Colloquium Cognitive Systems
Explicit and implicit knowledge injection for human-in-the-loop machine learning
Prof. Dr. Ute Schmid (University of Bamberg)
Abstract: For many practical applications of machine learning it is appropriate or even necessary to make use of human expertise to compensate a too small amount or low quality of data. Taking into account knowledge which is available in explicit form reduces the amount of data needed for learning. Furthermore, even if domain experts cannot formulate knowledge explicitly, they typically can recognize and correct erroneous decisions or actions. This type of implicit knowledge can be injected into the learning process to guide model adapation. These insights have led to the so-called third wave of AI with a focus on explainablity (XAI). In the talk, I will introduce research on explanatory and interactive machine learning. I will present inductive programming as a powerful approach to learn interpretable models in relational domains. Arguing for the need of specific exlanations for different stakeholders and goals, I will introduce different types of explanations based on theories and findings from cognitive science. Furthermore, I will show how intelligent tutor systems and XAI can be combined to support constructive learning. Algorithmic realisations of explanation generation will be complemented with results from psychological experiments investigating the effect on joint human-AI task performance and trust. Finally, current research projects are introduced to illustrate applications of the presented work in medical diagnostics, quality control in industrial production, file management, and accountability.
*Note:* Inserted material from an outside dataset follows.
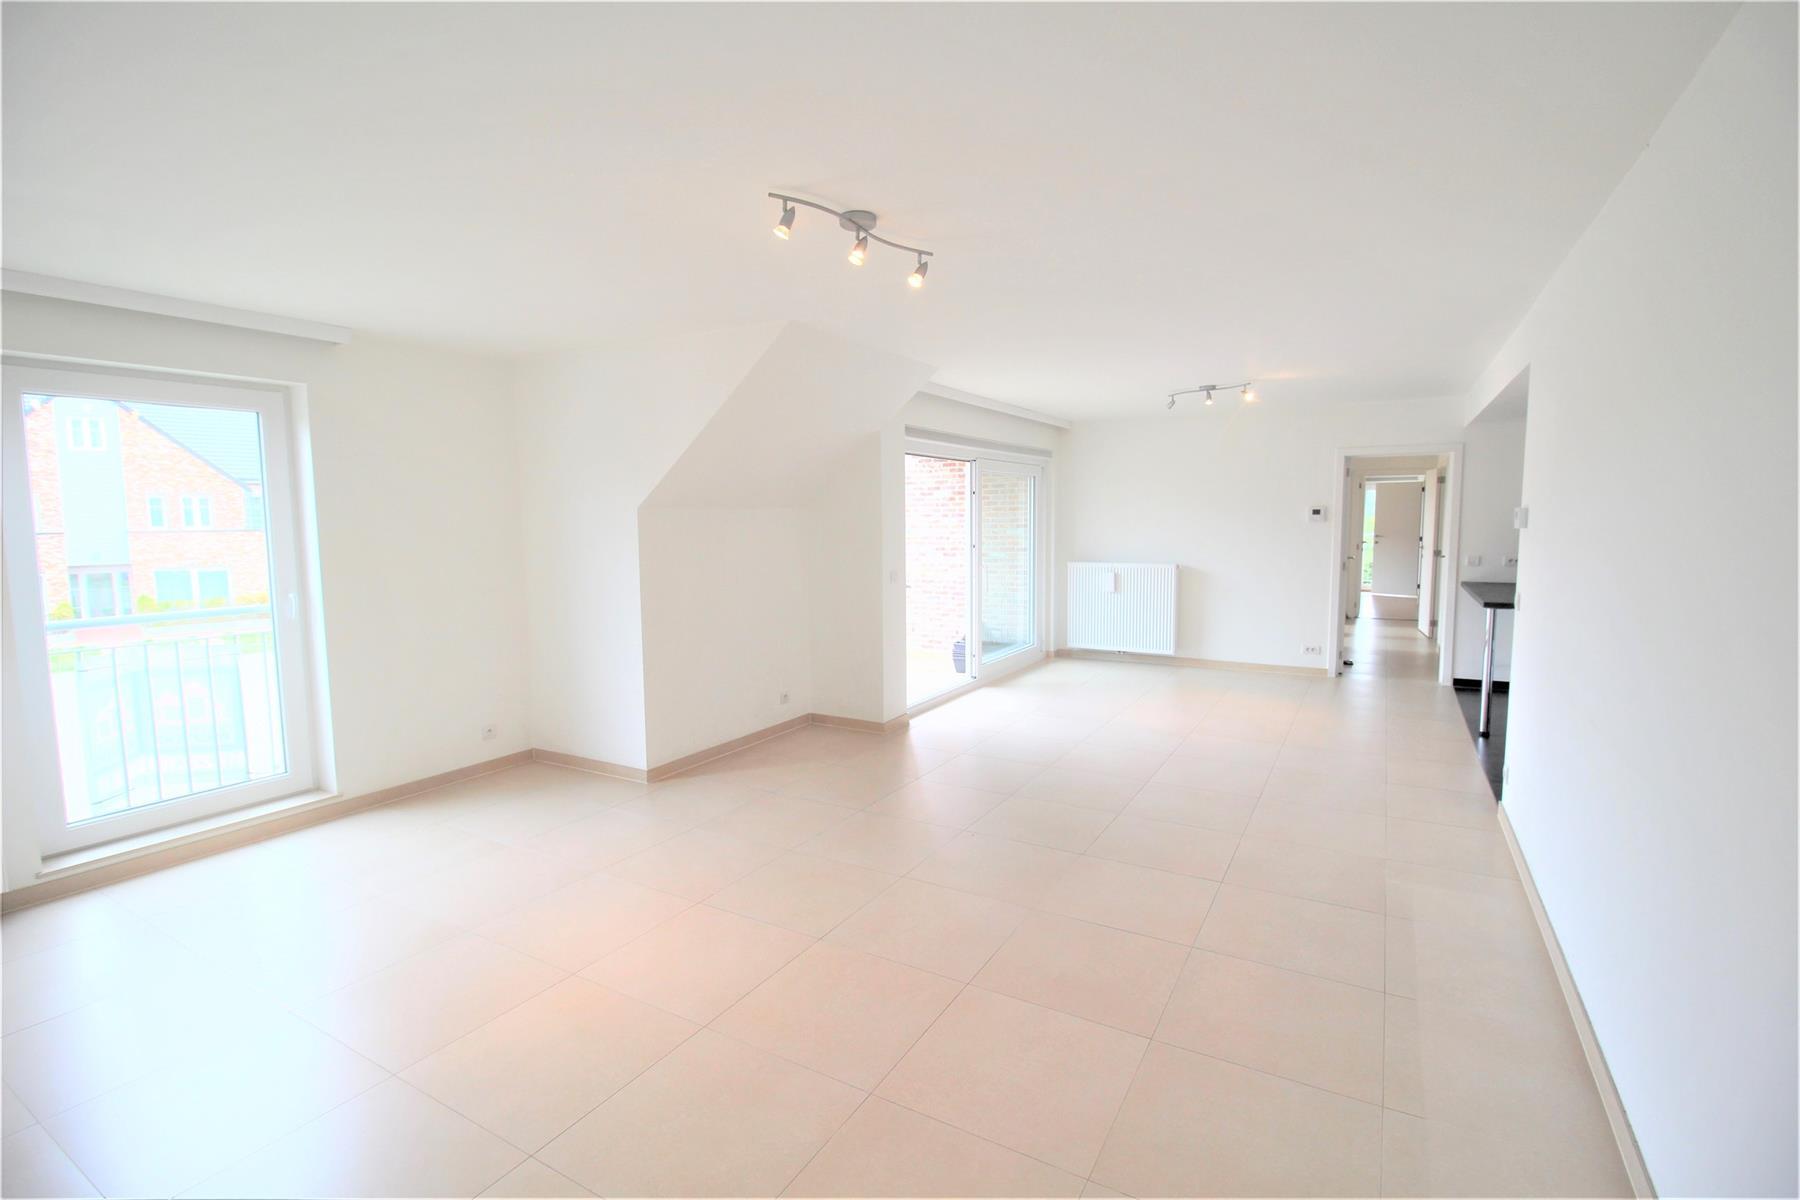 Appartement - Grez-Doiceau - #4163133-3
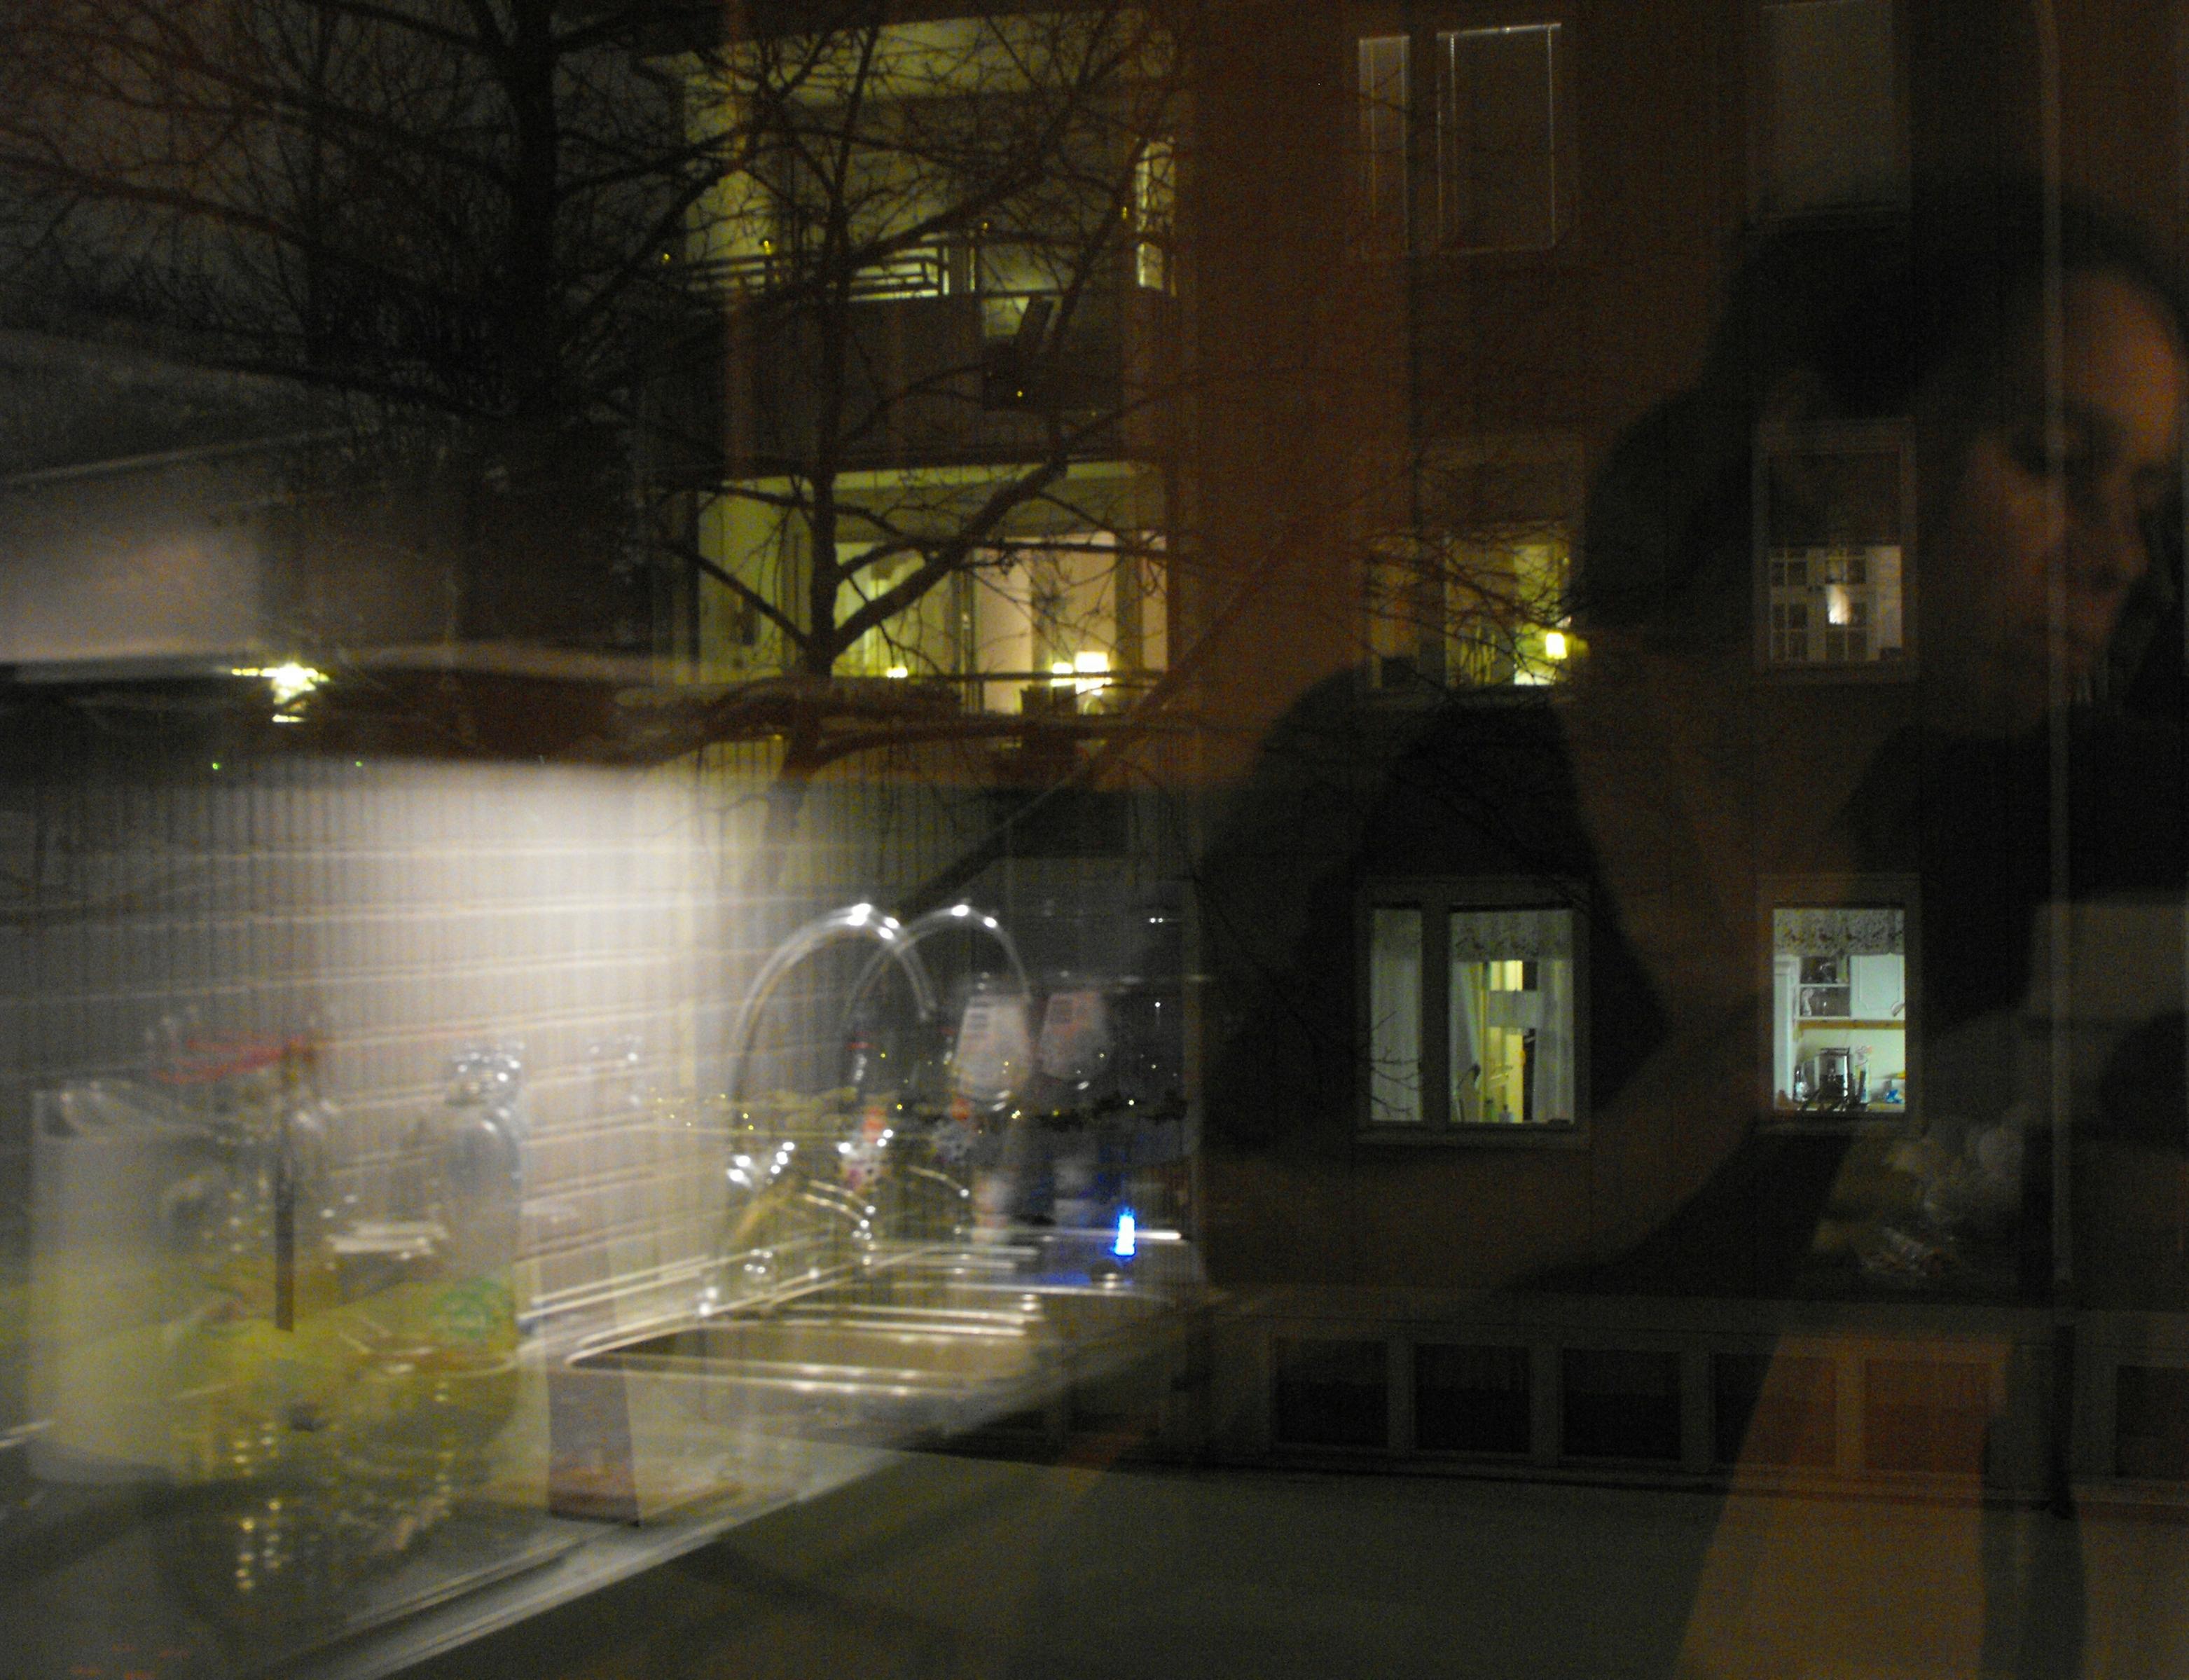 Interior, Doktorn är bara bra om Något ska klippas bort, Kiruna Stadshus, in collaboration with Cecilia Josefson, 2015

About: Ute Schmid is chair of Cognitive Systems at University of Bamberg. She received university diplomas both in psychology and in computer science from Technical University Berlin (TUB) where she also received her doctoral degree (Dr.rer.nat., 1994) and her habilitation (2002) in computer science. From 1994 to 2001 she was assistant professor at the Methods of AI/Machine Learning group, Department of Computer Science, TUB. After a one year stay as DFG-funded researcher at Carnegie Mellon University, she worked as lecturer for Intelligent Systems at the Department of Mathematics and Computer Science at University Osnabrück and was member of the Cognitive Science Institute. Main research interest of Ute Schmid is interpretable machine learning, especially learning expressive (recursive) models for complex cognitive problems. Ute Schmid is member of the board of directors of the Bavarian Insistute of Digital Transformation (bidt) and a member of the Bavarian AI Council (Bayerischer KI-Rat). Since 2020 she is head of the Fraunhofer IIS project group Comprehensible AI (CAI). Ute Schmid dedicates a significant amount of her time to measures supporting women in computer science and to promote computer science as a topic in elementary, primary, and secondary education. She won the Minerva Award of Informatics Europe 2018 for her university. Since many years, Ute Schmid is engaged in educating the public about artificial intelligence in general and machine learning and she gives workshops for teachers as well as high-school students about AI and machine learning. For her outreach activities she has been awarded with the Rainer-Markgraf-Preis 2020.